Fabric end-to-end use case: Data Engineering part 2 - Pipelines

9 minutes

September 4, 2023

DATA ENGINEERING, MICROSOFT FABRIC, FABRIC END-TO-END, DATA PIPELINES, PIPELINE ORCHESTRATION, PIPELINES

Welcome to the third part of a 5-part series on an end-to-end use case for Microsoft Fabric. This post will focus on the data engineering part of the use case.

In this series, we will explore how to use Microsoft Fabric to ingest, transform, and analyze data using a real-world use case. The series focuses on data engineering and analytics engineering. We will be using OneLake, Notebooks, Lakehouse, SQL Endpoints, Data Pipelines, dbt, and Power BI.

All posts in this series

This post is part of a 5-part series on an end-to-end use case for Microsoft Fabric:

Use case introduction: the European energy market

If you’re following this series, feel free to skip this section as it’s the same introduction every time. 🙃

Since Russia invaded Ukraine, energy prices across Europe have increased significantly.

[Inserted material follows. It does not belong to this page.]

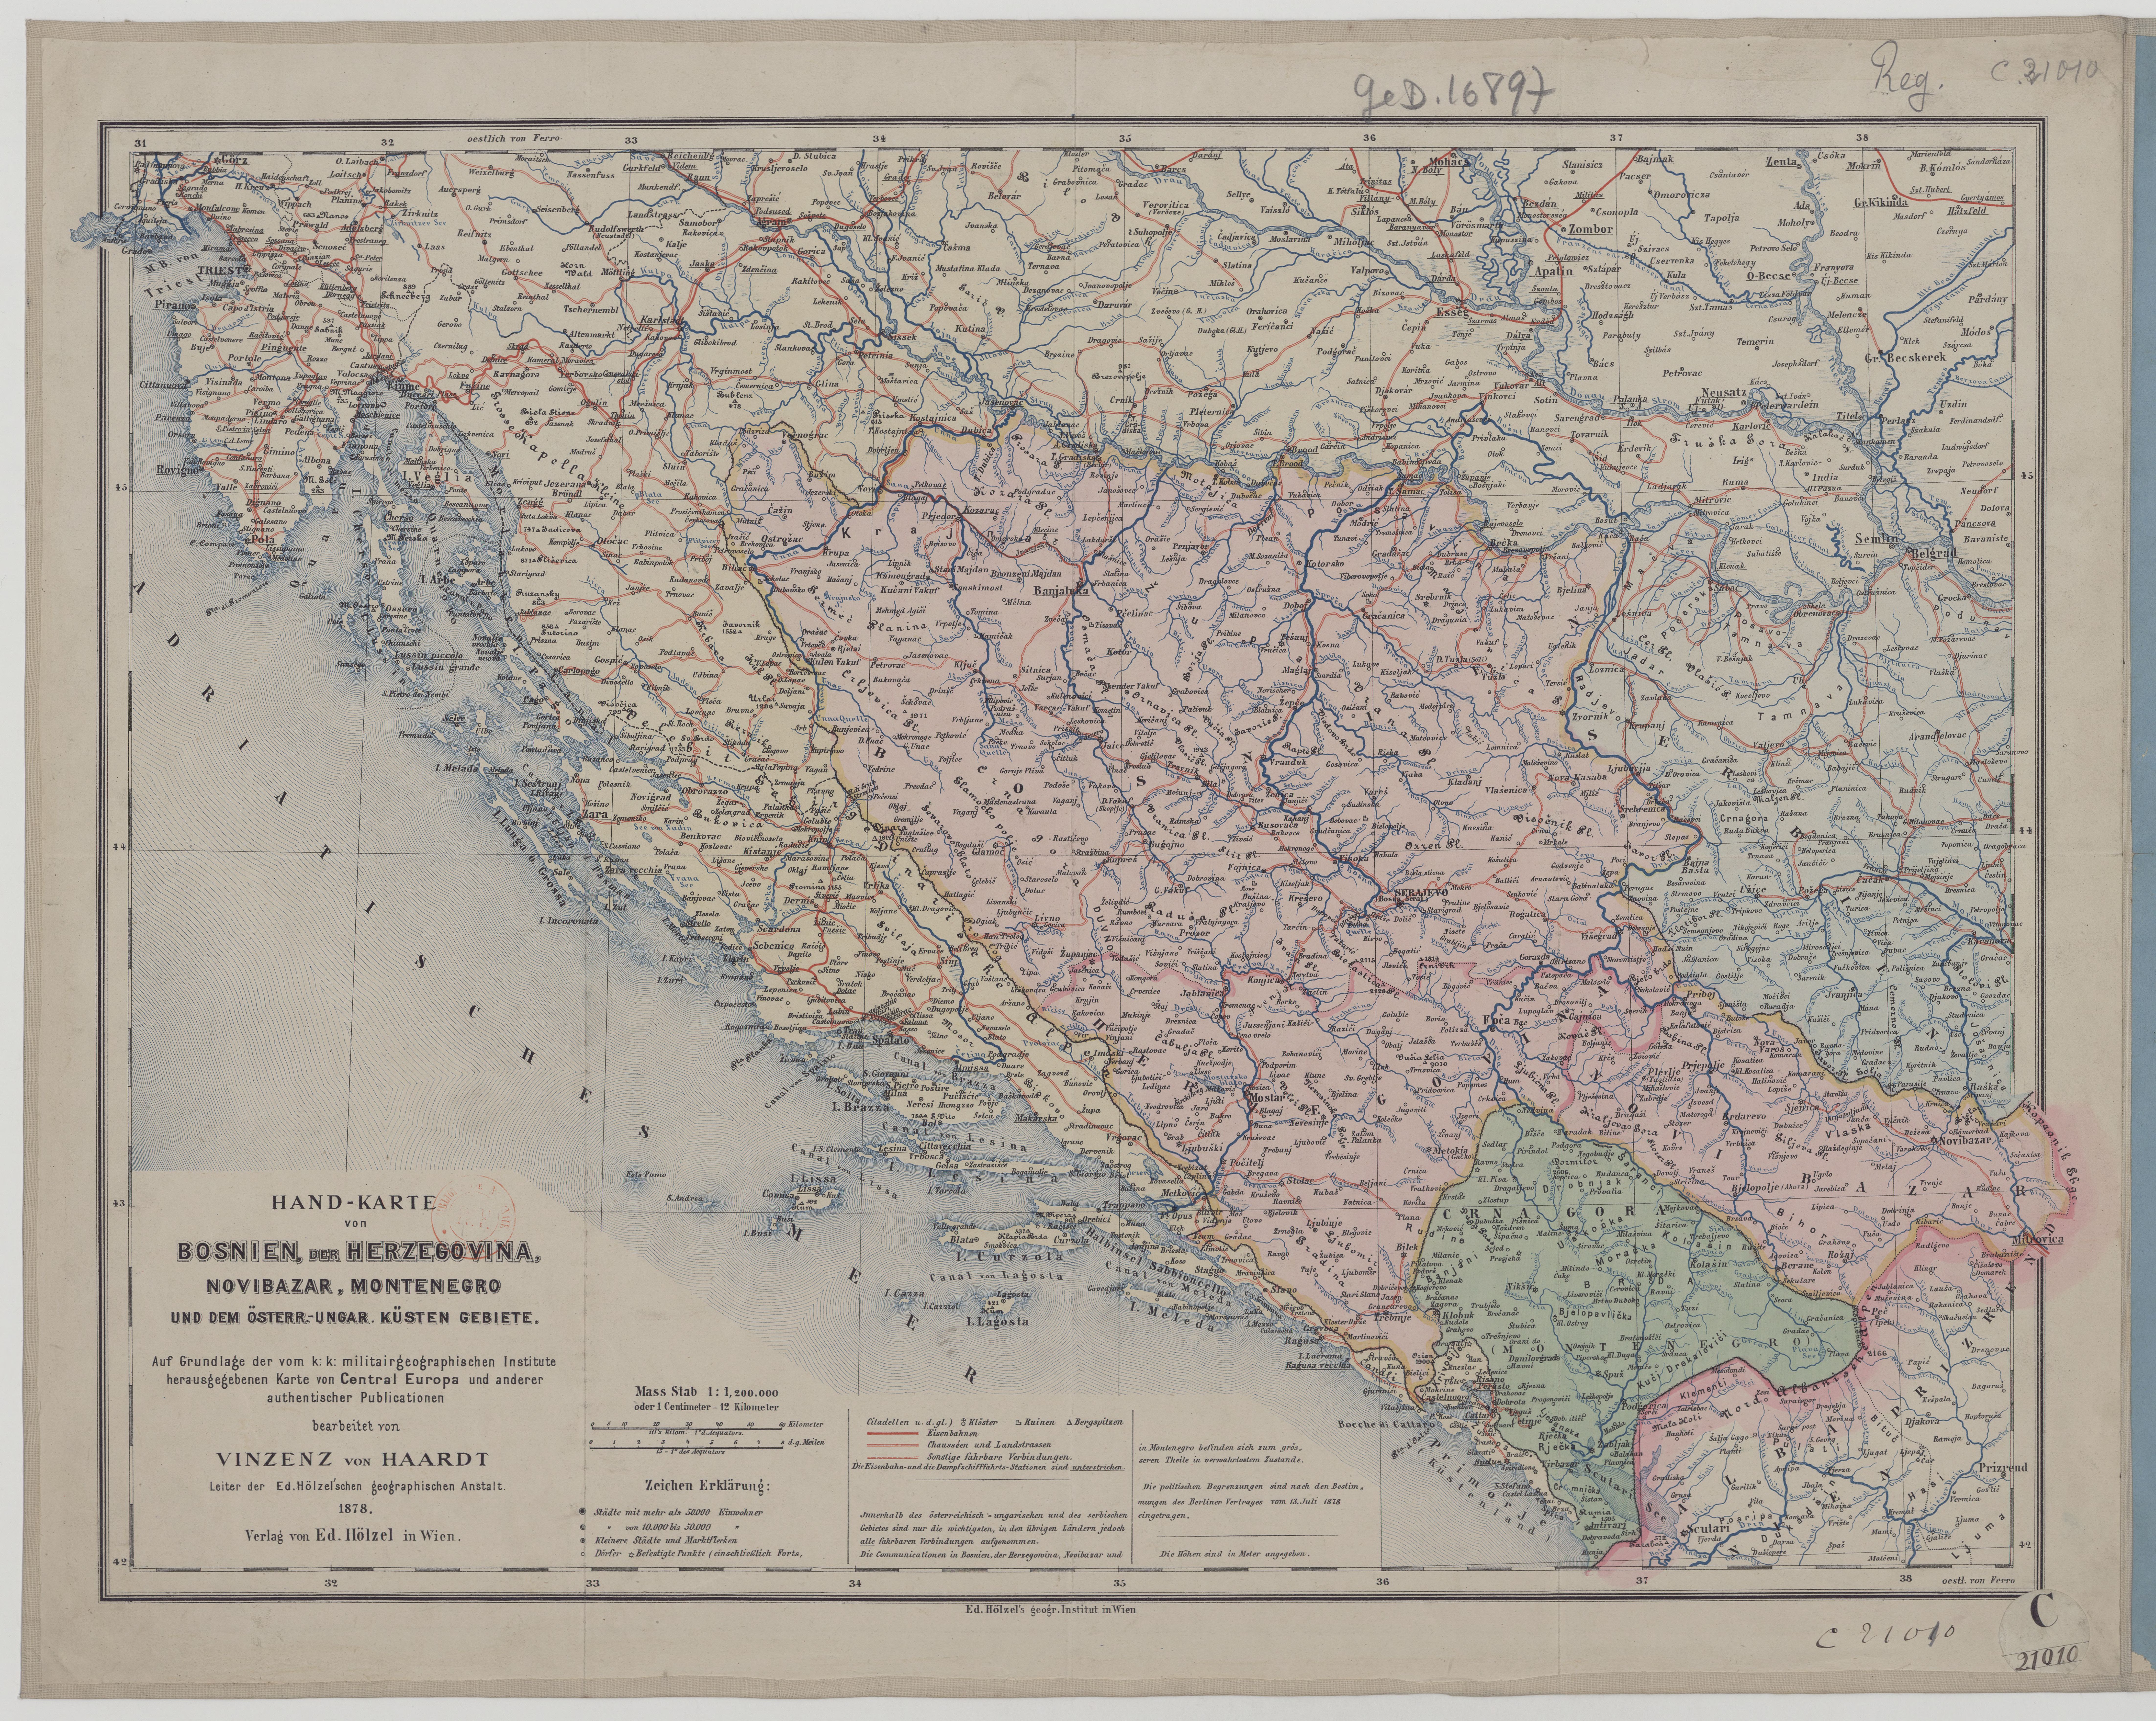 https://upload.wikimedia.org/wikipedia/commons/4/49/1878_-_Hand-Karte_von_Bosnien%2C_der_Herzegovina%2C_Novibazar%2C_Montenegro_und_dem_%C3%B6sterreichisch-ungarischen_K%C3%BCsten_Gebiete.jpg

This has led to a surge of alternative and green energy sources, such as solar and wind. However, these sources are not always available, and the energy grid needs to be able to handle the load.

Therefore, most European energy markets are converging towards a model with dynamic energy prices. In a lot of European countries, you can already opt for a dynamic tariff where the price of electricity changes every hour. This brings challenges, but also lots of opportunities. By analyzing the prices, you can optimize your energy consumption and save money. The flexibility and options improve a lot with the installation of a home battery. With some contracts, you could even earn money by selling your energy back to the grid at peak times or when the price is negative.

In this use case, we will be ingesting Epex Spot (European Energy Exchange) day-ahead energy pricing data. Energy companies buy and sell energy on this exchange. The price of energy is announced one day in advance. The price can even become negative when there will be too much energy on the grid (e.g. it’s sunnier and windier than expected and some energy plants cannot easily scale down capacity).

Since it’s quite a lot of content with more than 1 hour of total reading time, I’ve split it up into 5 easily digestible parts.

We want to ingest this data and store it in OneLake. At one point, we could combine this data with weather forecasts to train a machine learning model to predict the energy price.

After ingestion, we will transform the data and model it for dashboarding. In the dashboard, we will have simple advice on how to optimize your energy consumption and save money by smartly using a home battery.

All data is publicly available, so you can follow along in your own Fabric Workspace.

The goal

In our previous post, we created a Notebook to load the Epex Spot data for the current day for a single market. In this post, we’re going to automate this and load the data for all markets. We will be using a Data Pipeline in Fabric to do this.

Data Pipelines are a feature coming from Azure Data Factory and Azure Synapse Pipelines. They are a way to orchestrate data movement and transformation activities. They are built using a visual designer, but can also be exported as JSON and edited in a text editor. Later on, it will be possible to store these JSON versions in git and implement version control.

Pipeline

To create a Pipeline, go to the Data Engineering experience in Fabric and create a new Pipeline.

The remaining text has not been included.